- [Exercise prompt]: Copy the listing exactly, please, and keep every picture out of it.

- [Dataset content]:

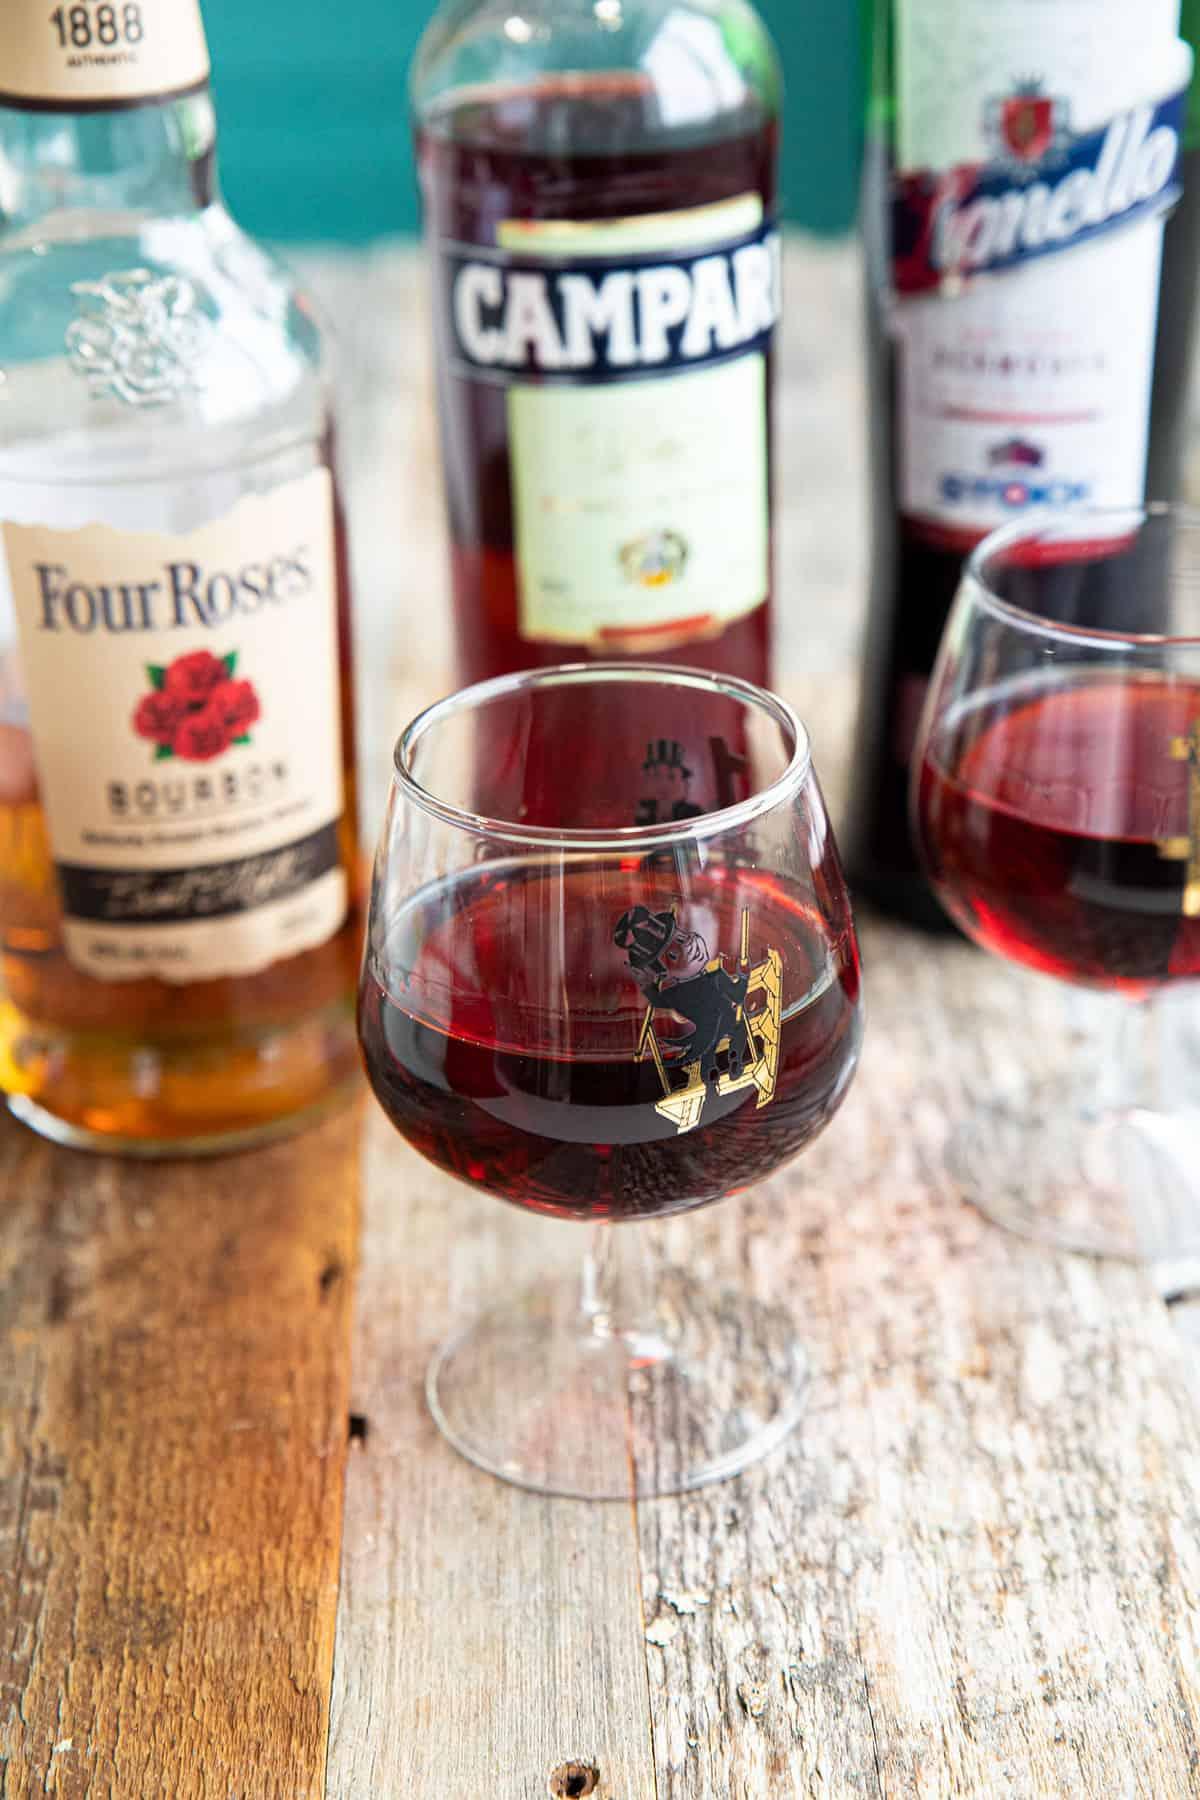 Boulevardier in a brandy glass.
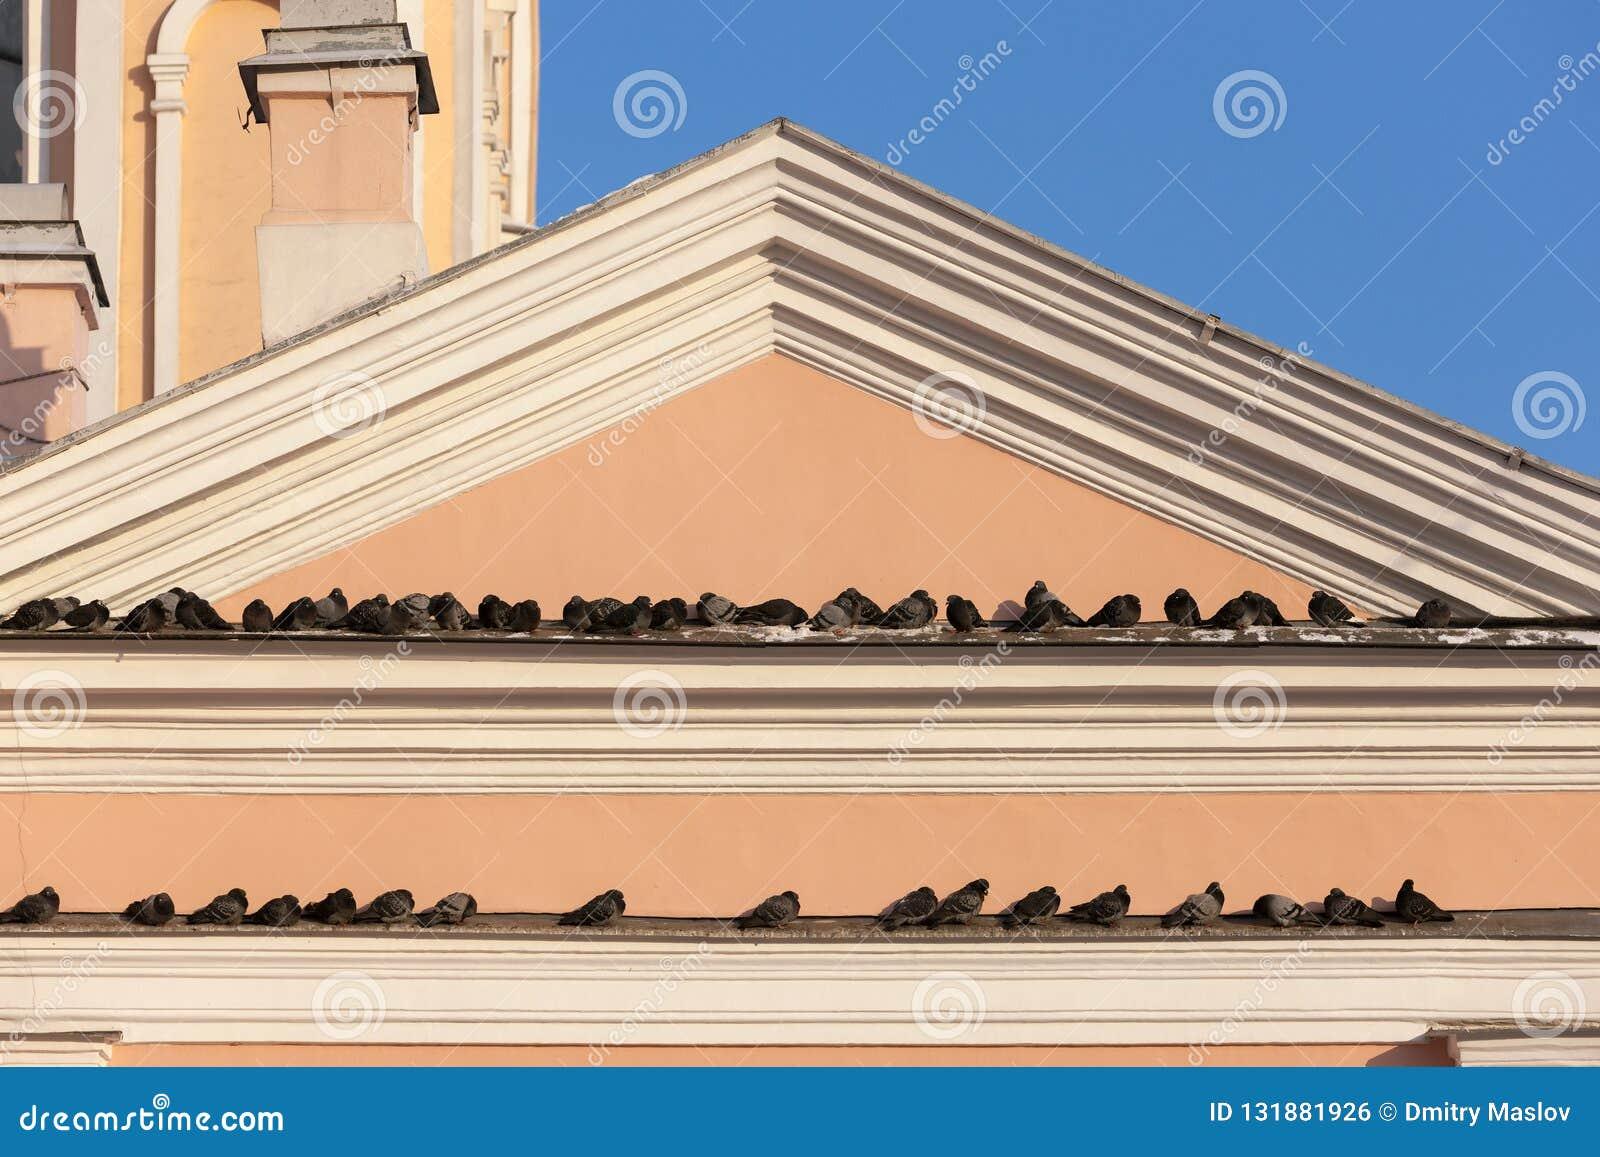 Troupeau des pigeons sur les gouttières
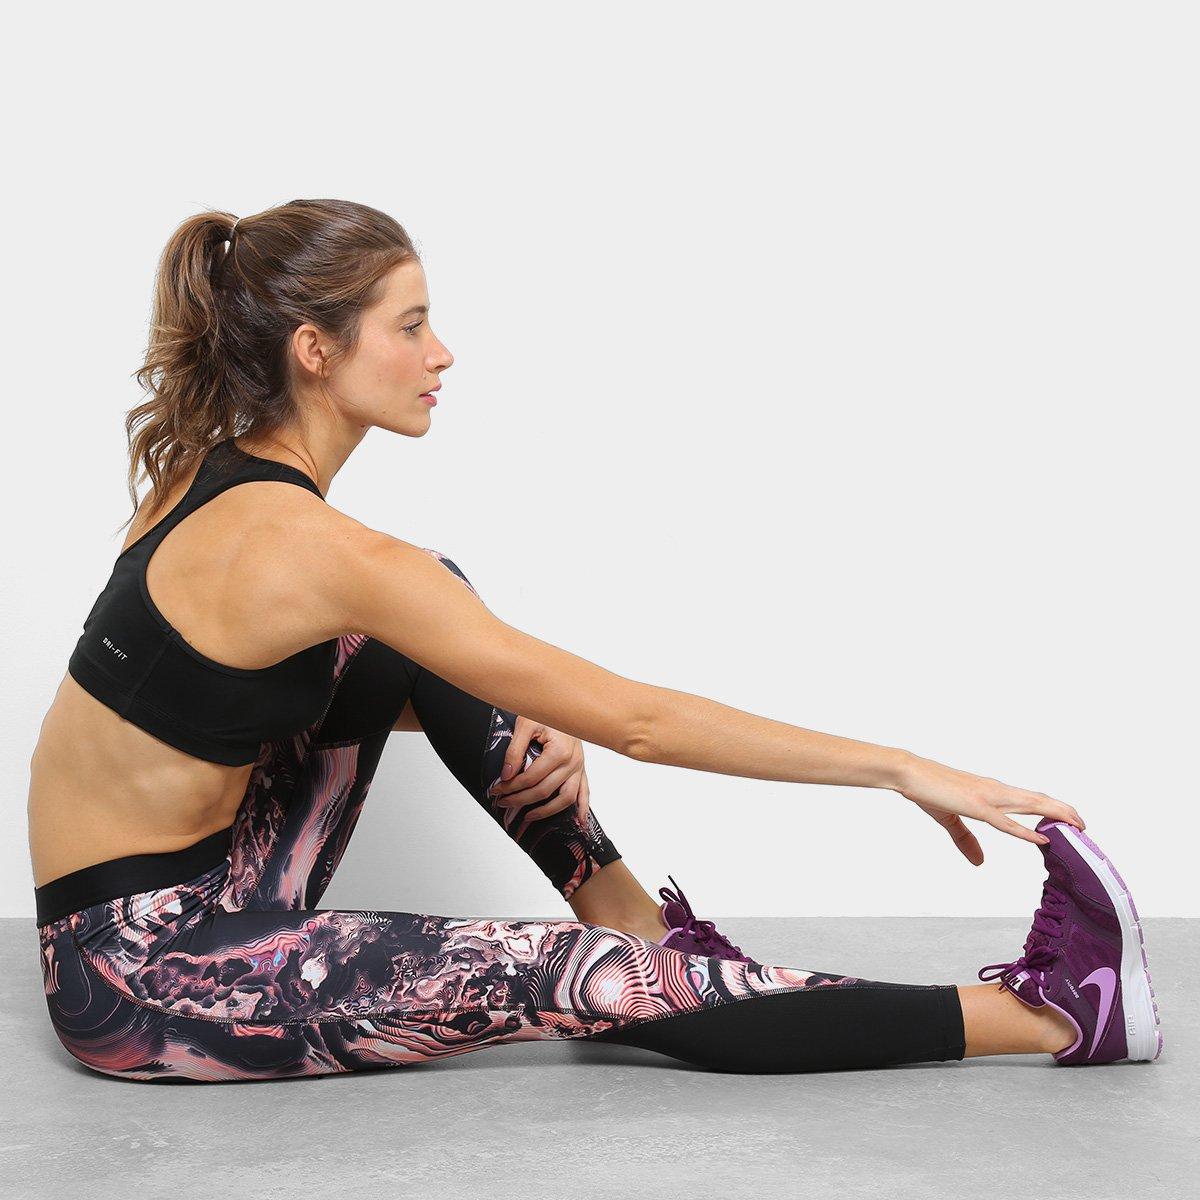 Coral Coral Nike Calça Calça Nike Print Feminina Tight wxOzq0a

- [Solution below]:
 Boulevardier in a brandy glass.
 Troupeau des pigeons sur les gouttières
 Coral Coral Nike Calça Calça Nike Print Feminina Tight wxOzq0a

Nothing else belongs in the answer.